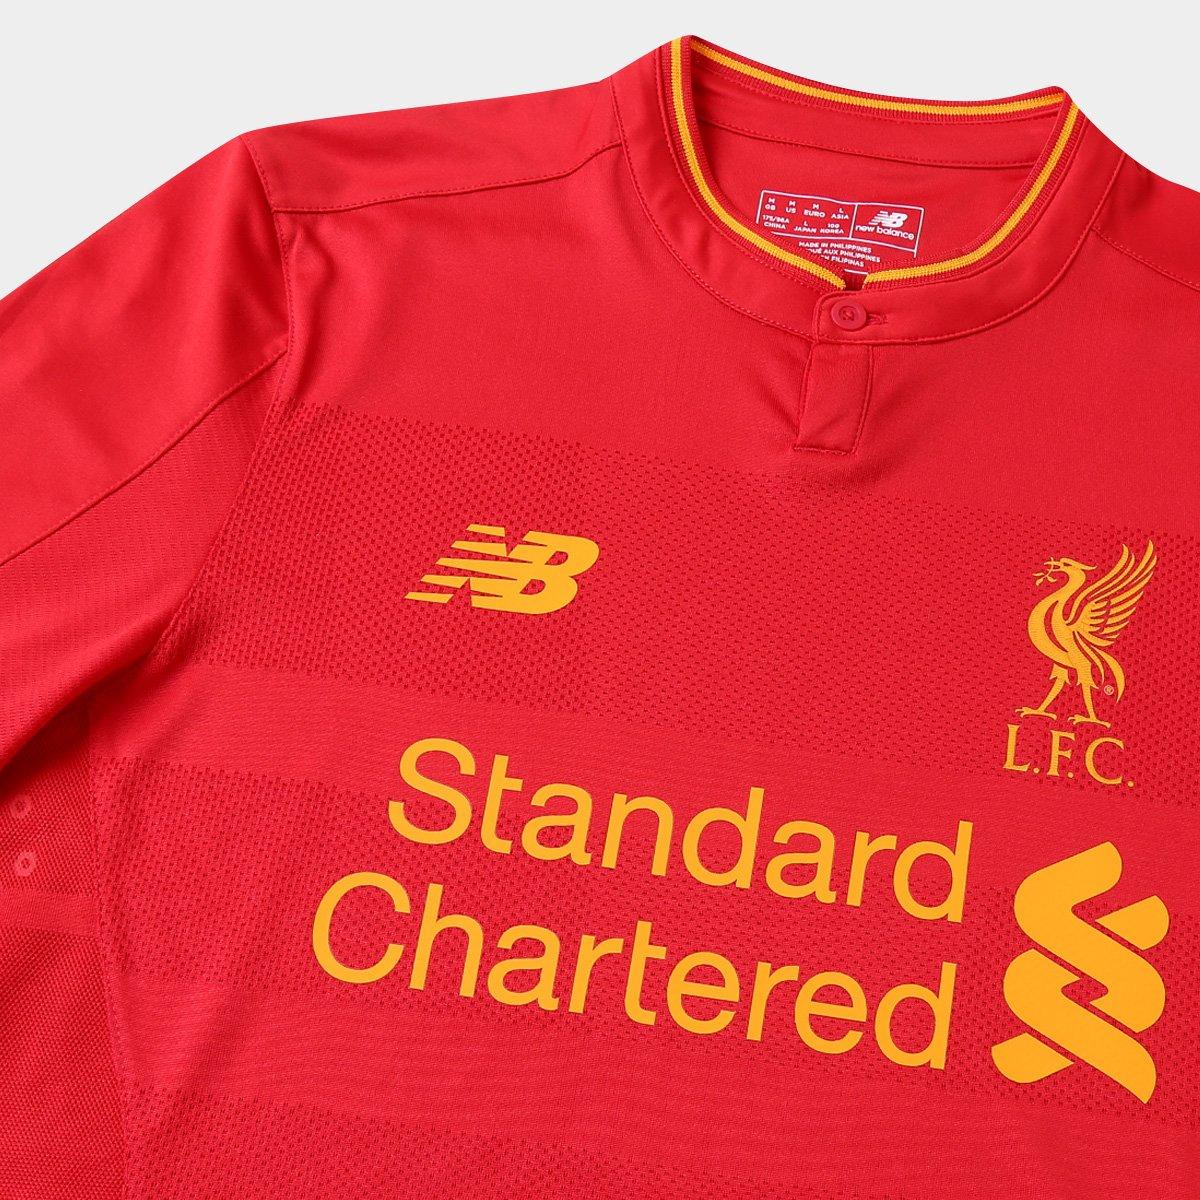 27aaf268d8 Camisa Liverpool Home16 17 s nº Torcedor New Balance Masculino ...
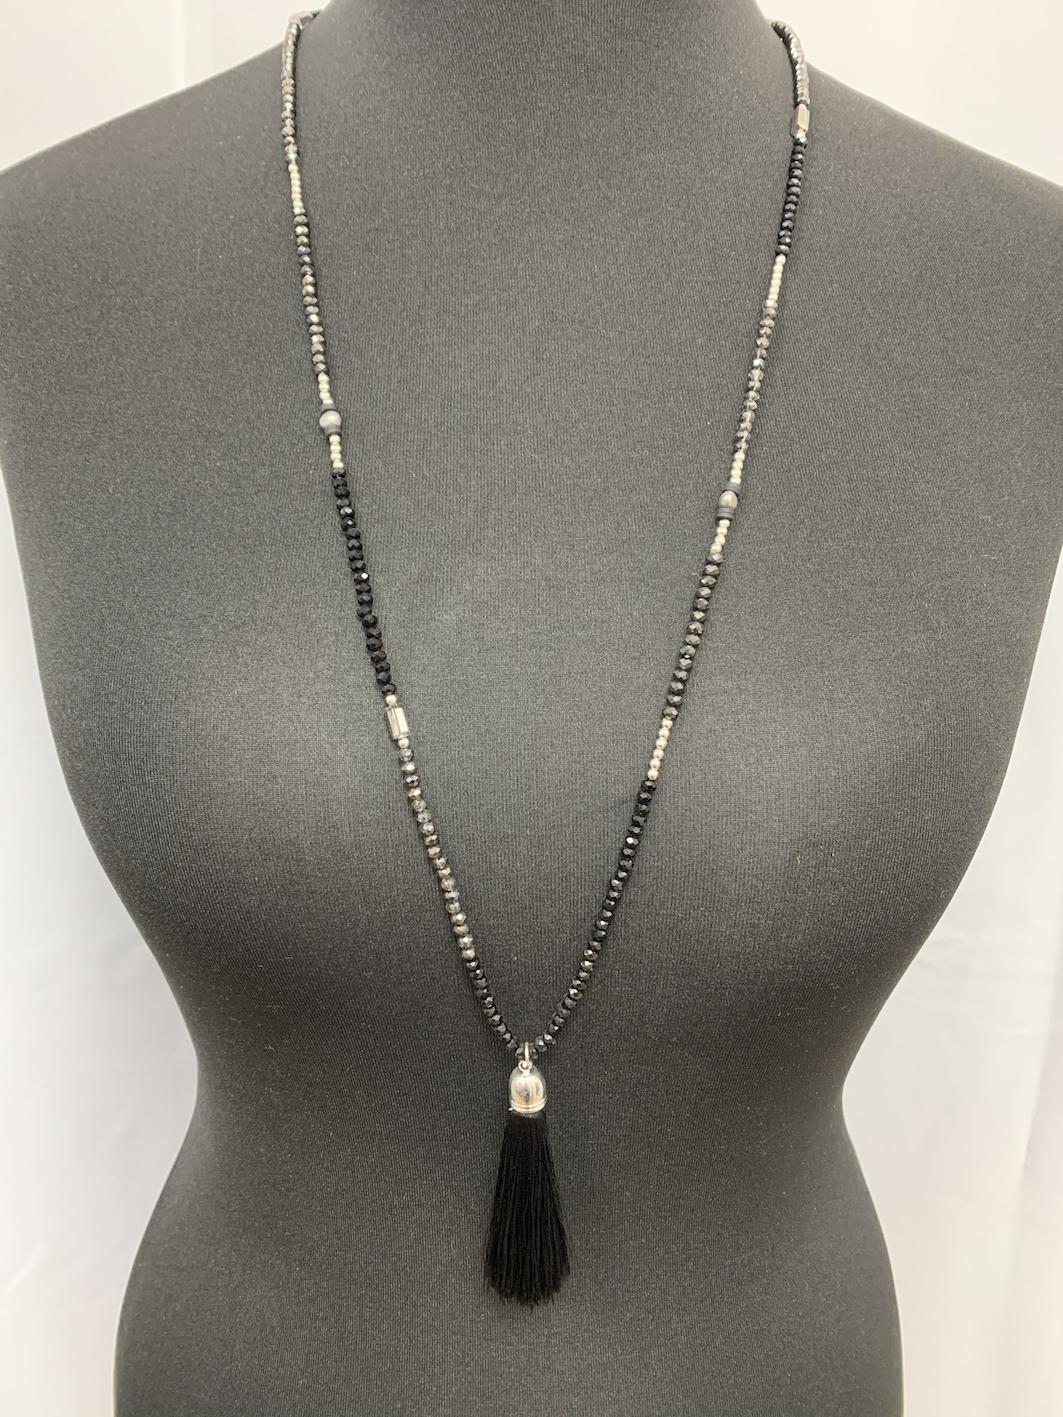 Beaded Tassel Necklace - Various
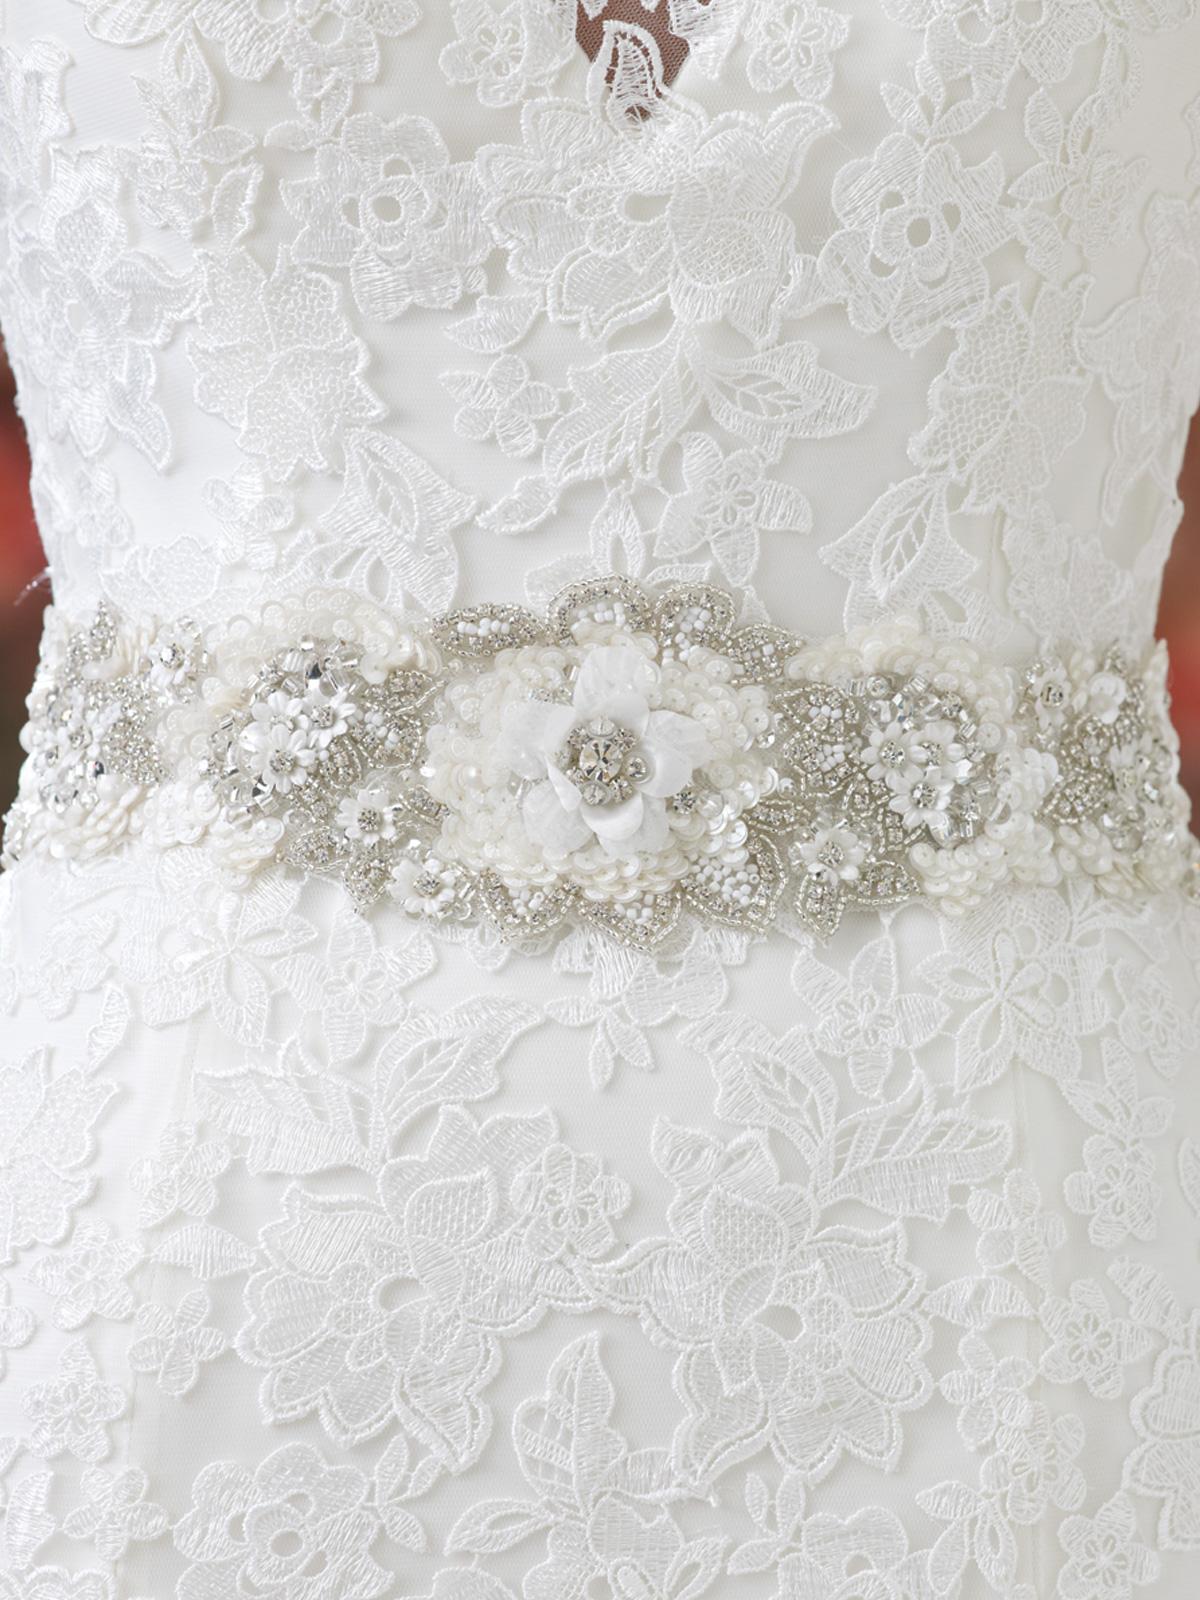 Acessorios Para Noiva - BELTS-11415

**WHAT THE TASK REQUIRES:** An exact copy of every line above, minus the pictures, is the required output.

**RESPONSE FOR THIS EXERCISE:**
 27aaf268d8 Camisa Liverpool Home16 17 s nº Torcedor New Balance Masculino ...
 Beaded Tassel Necklace - Various
 Acessorios Para Noiva - BELTS-11415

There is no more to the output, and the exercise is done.